### What you need to do
Word for word, restate the lines of the listing below from the line with "Happy Ukulele 14の再生済みの波形" through the line with "Sun setting behind Crocodile Camp in Zambia", and do not include the pictures.

### Source records
* * * * *

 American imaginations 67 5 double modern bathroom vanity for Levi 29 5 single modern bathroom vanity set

* * * * *

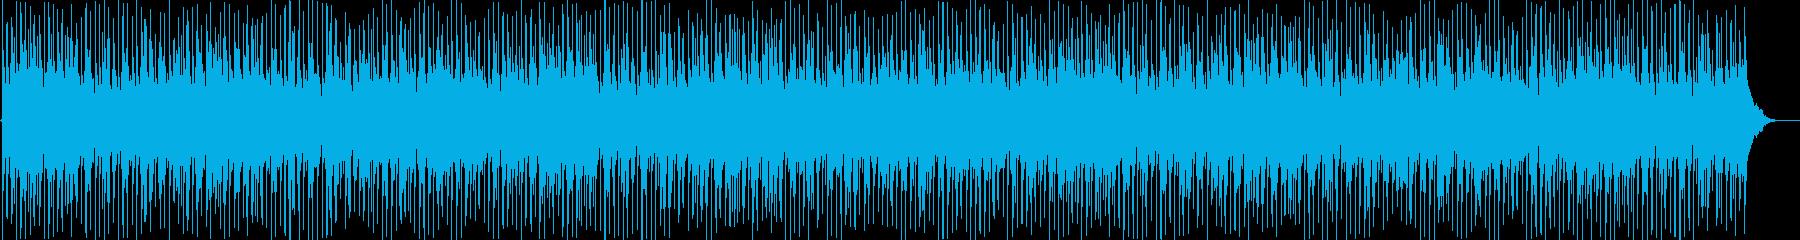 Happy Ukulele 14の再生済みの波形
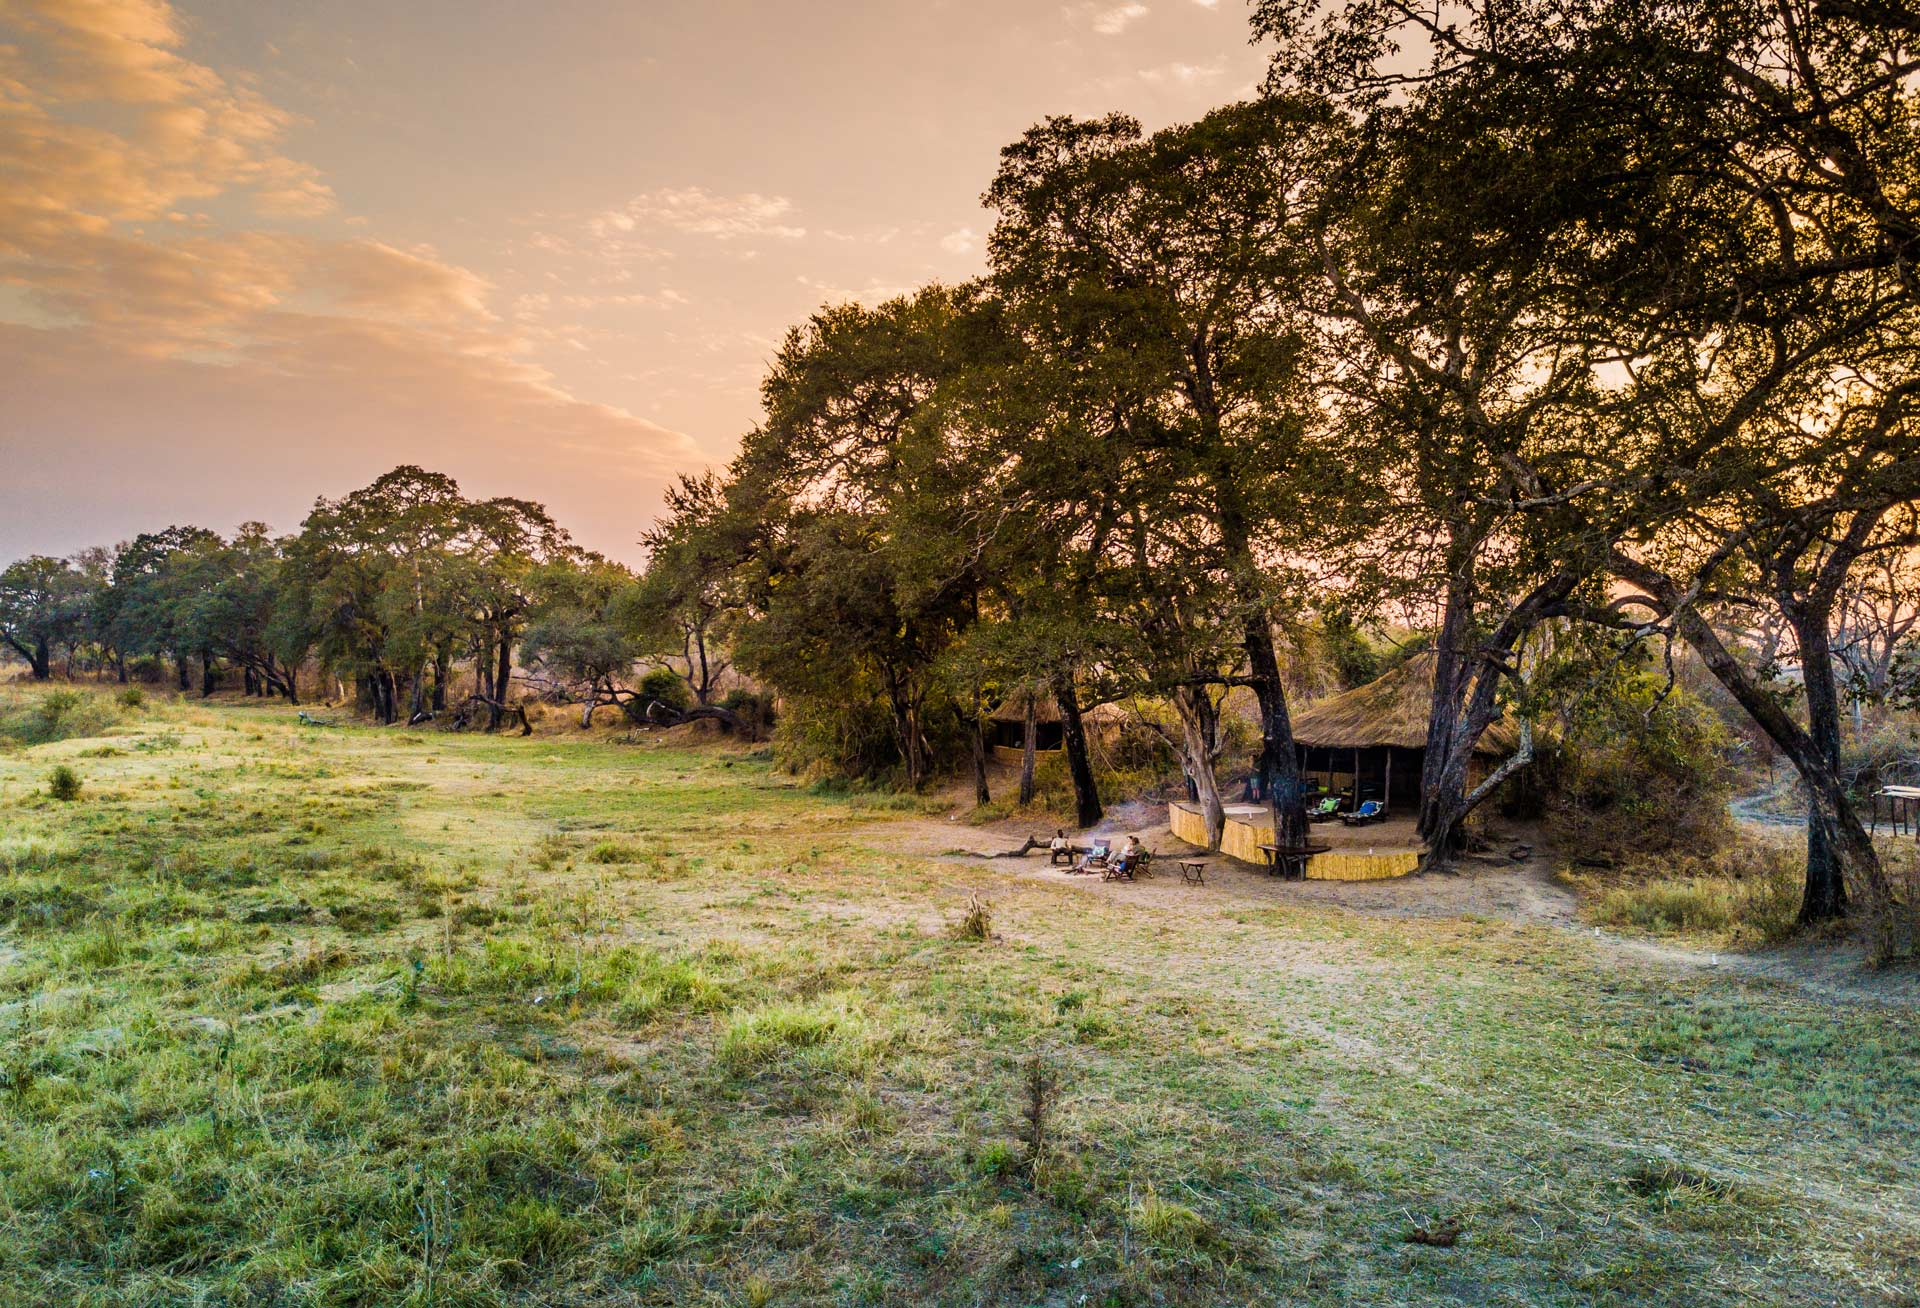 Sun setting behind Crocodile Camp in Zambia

* * * * *

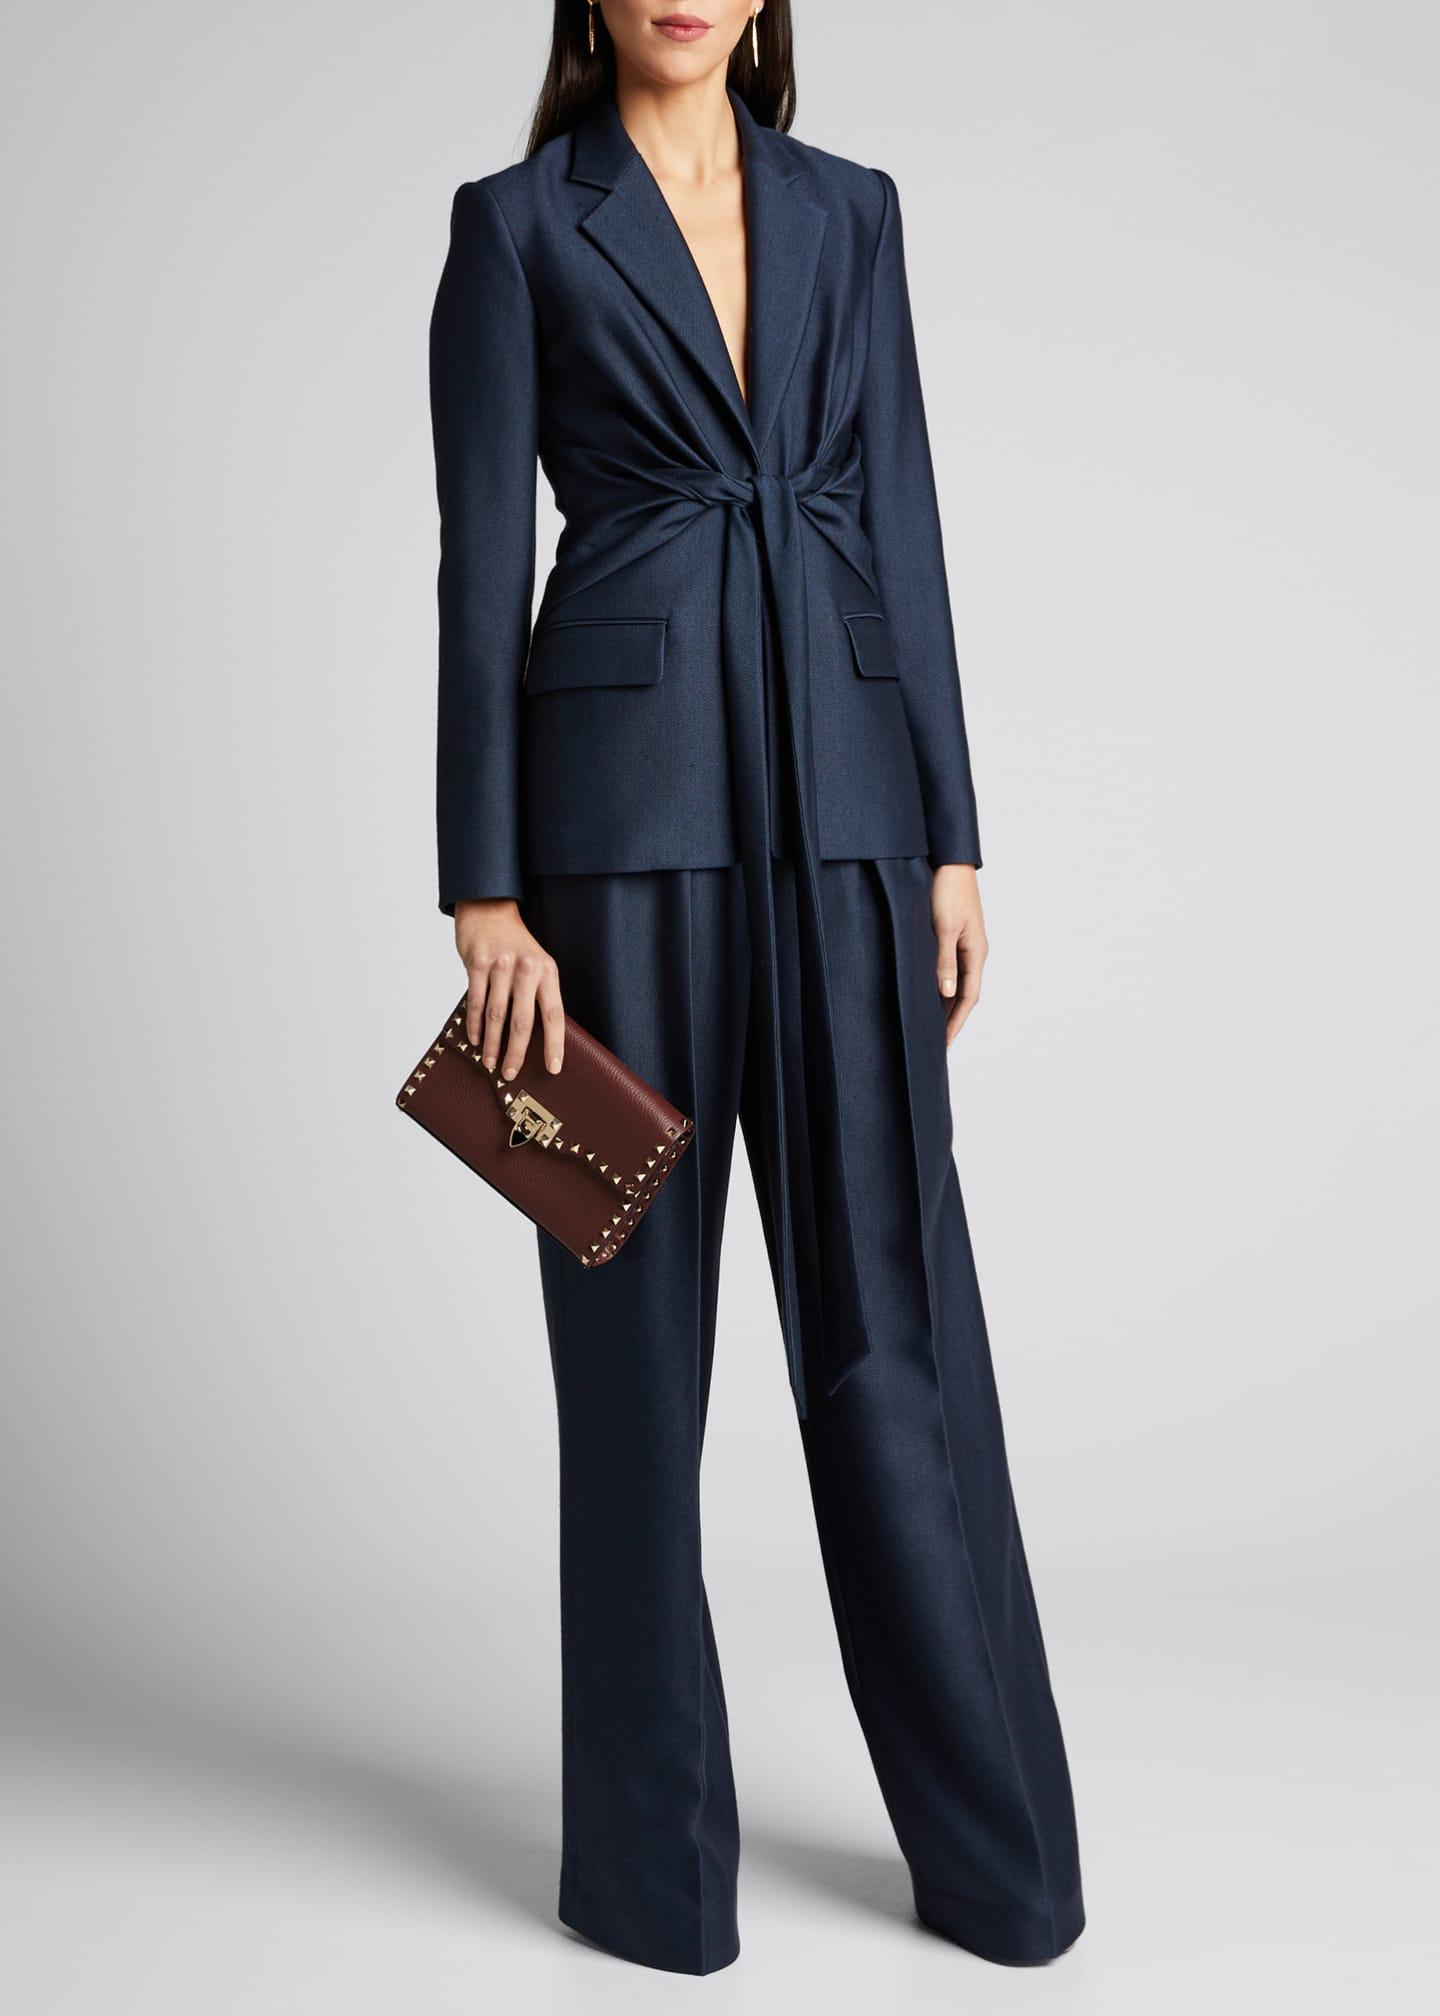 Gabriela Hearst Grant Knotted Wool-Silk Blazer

* * * * *

### Result of the exercise
 Happy Ukulele 14の再生済みの波形
 Sun setting behind Crocodile Camp in Zambia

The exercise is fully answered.